▶ _What is being asked_:
Repeat the listing below exactly. Pictures do not belong in the copy.

▶ _Data segment_:
-=-=-=-=-
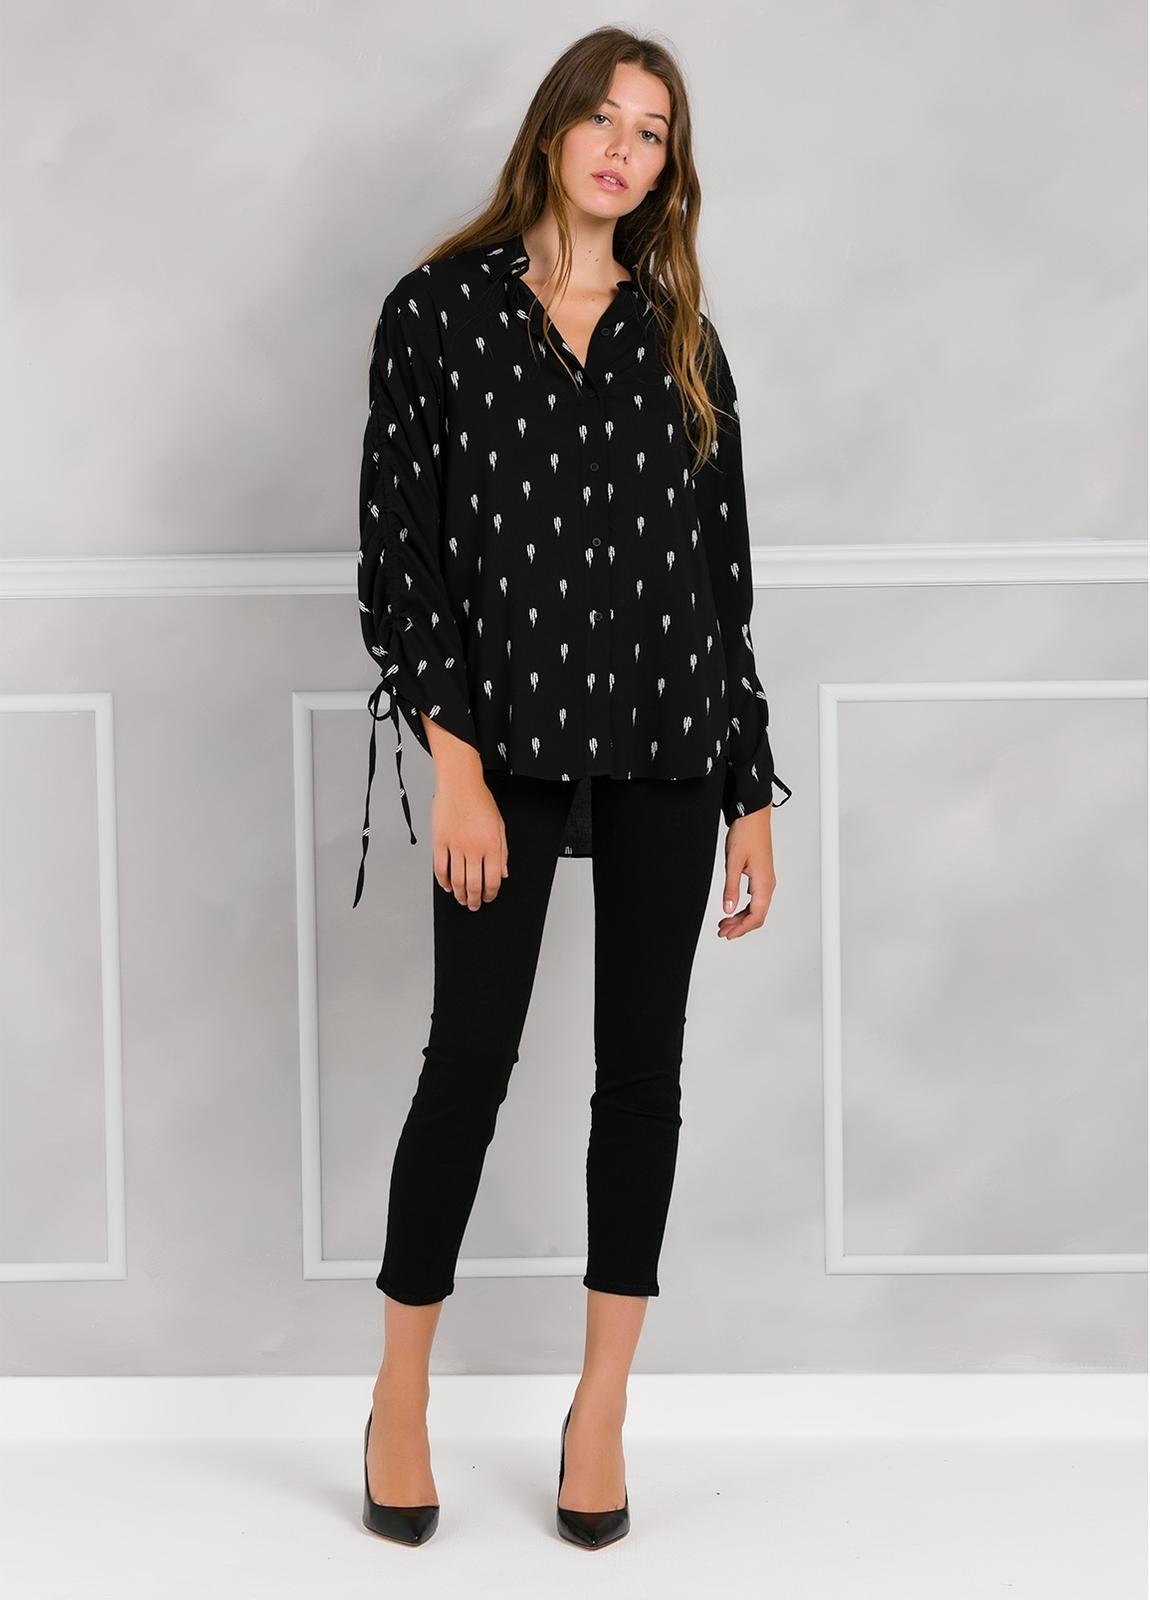 Blusa larga estampada color negro anudada en mangas. - Ítem1
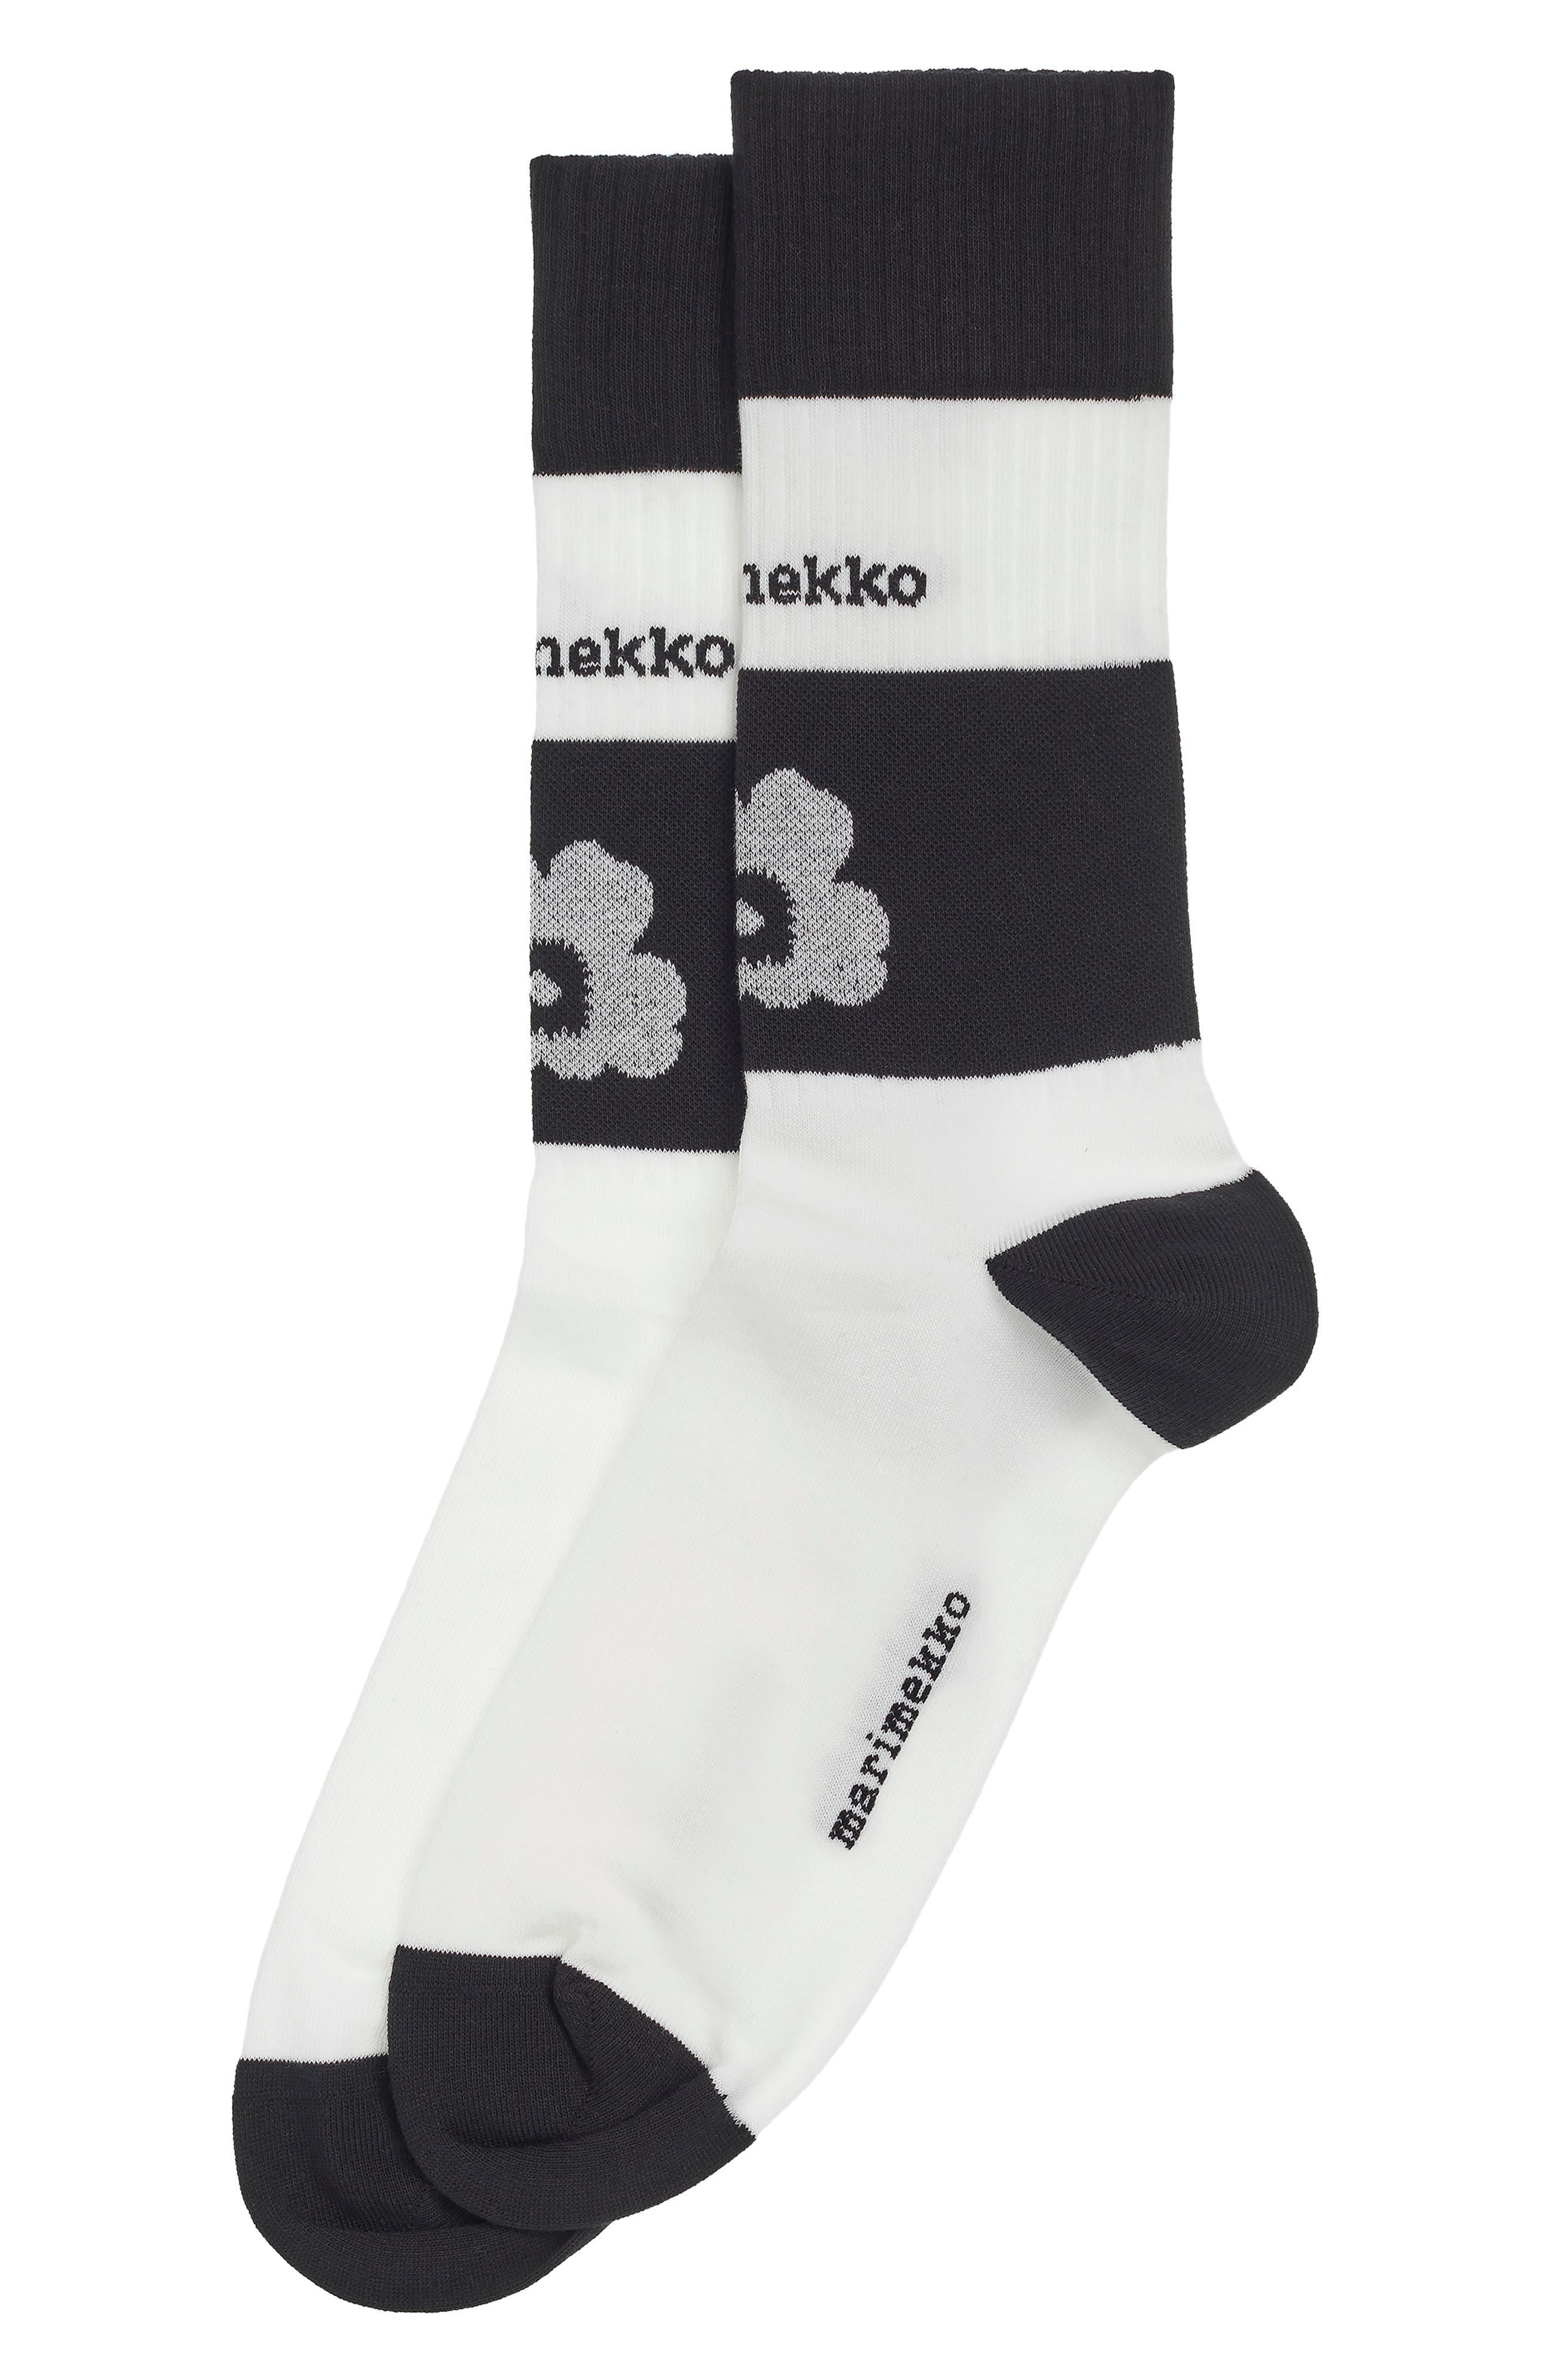 Unisex Kioski Kohina Unikko Floral Logo Socks
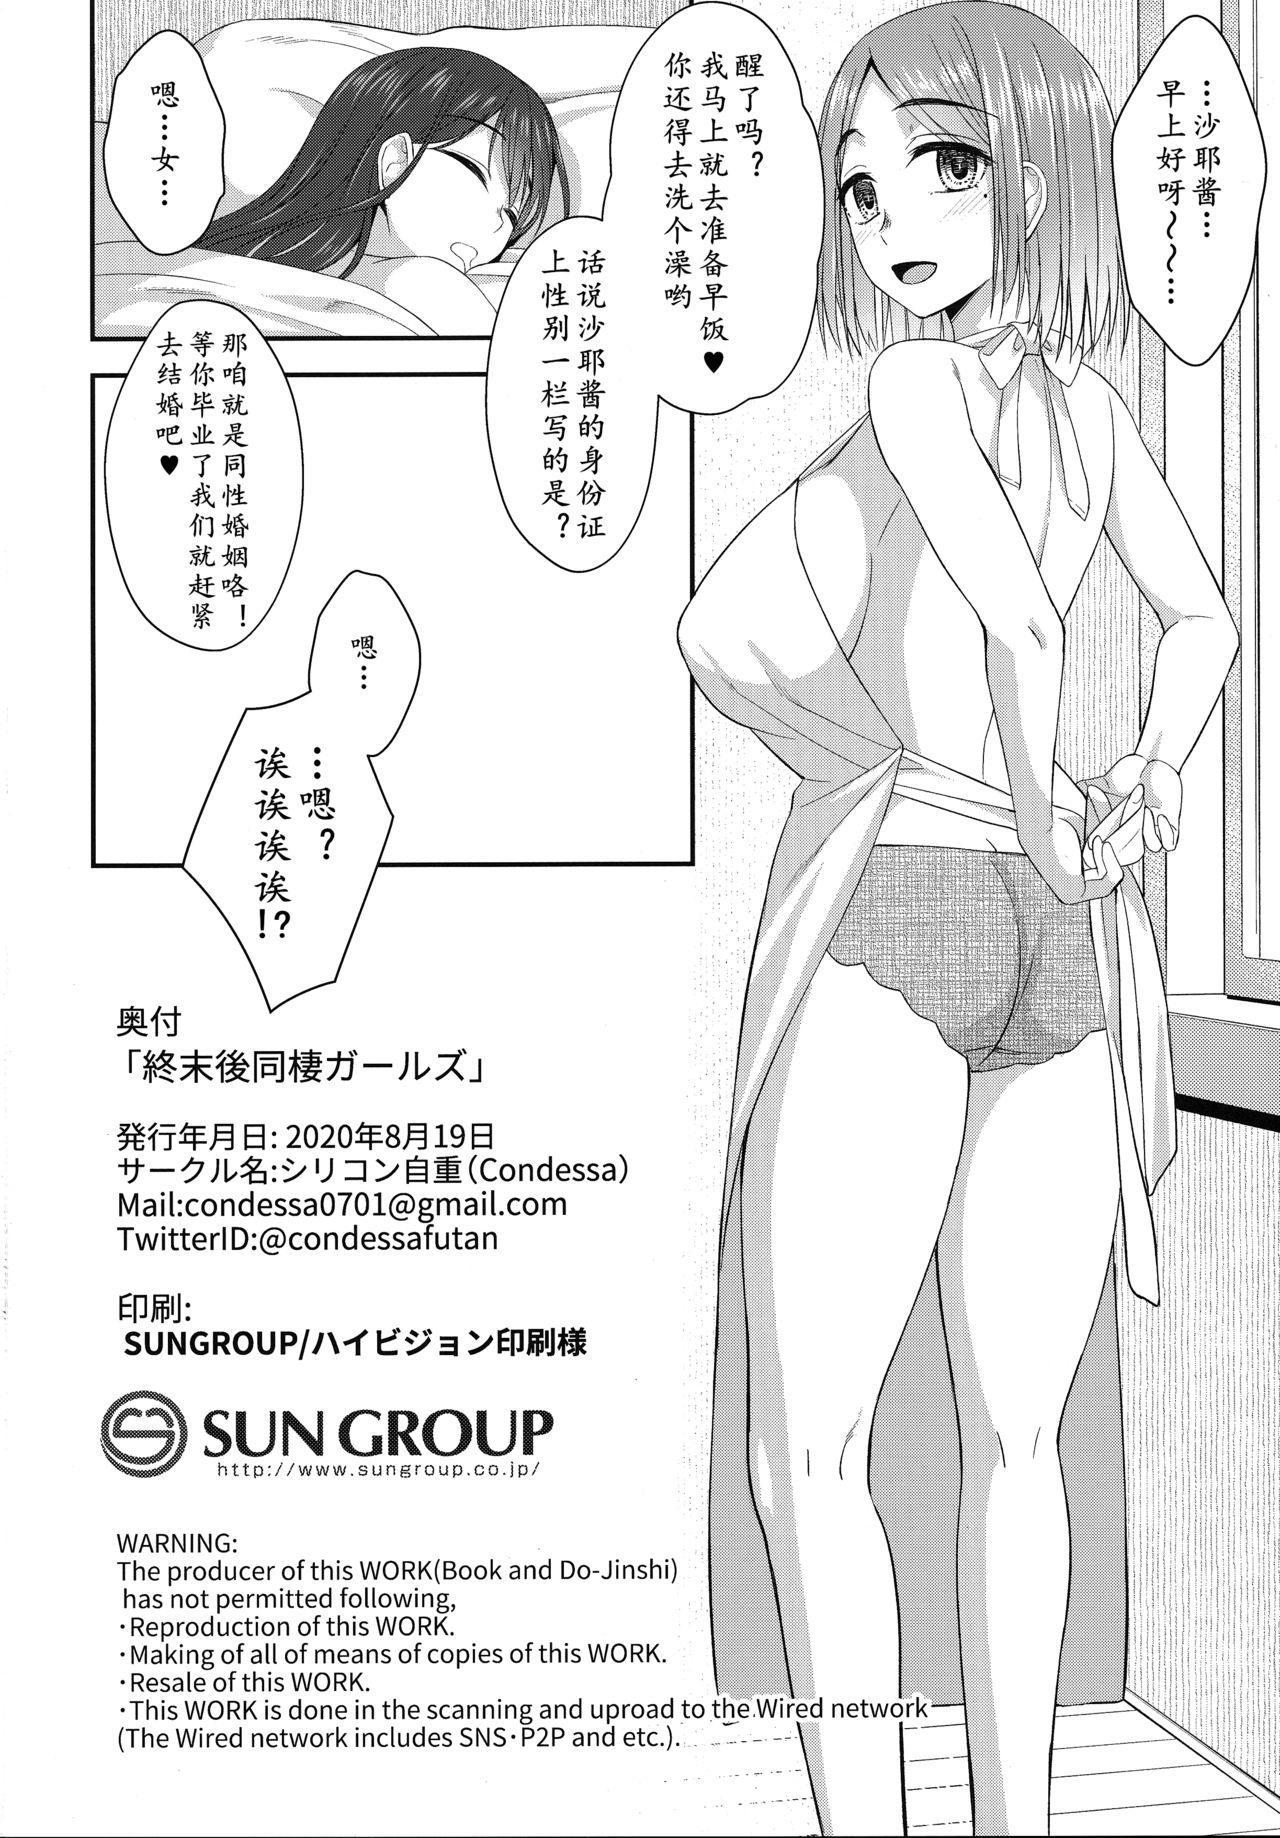 Shuumatsugo Dousei Girls | 终末前的破处少女 2 25
-=-=-=-=-
▶ _Solution to this problem_:
 Blusa larga estampada color negro anudada en mangas. - Ítem1
 Unisex Kioski Kohina Unikko Floral Logo Socks
 Shuumatsugo Dousei Girls | 终末前的破处少女 2 25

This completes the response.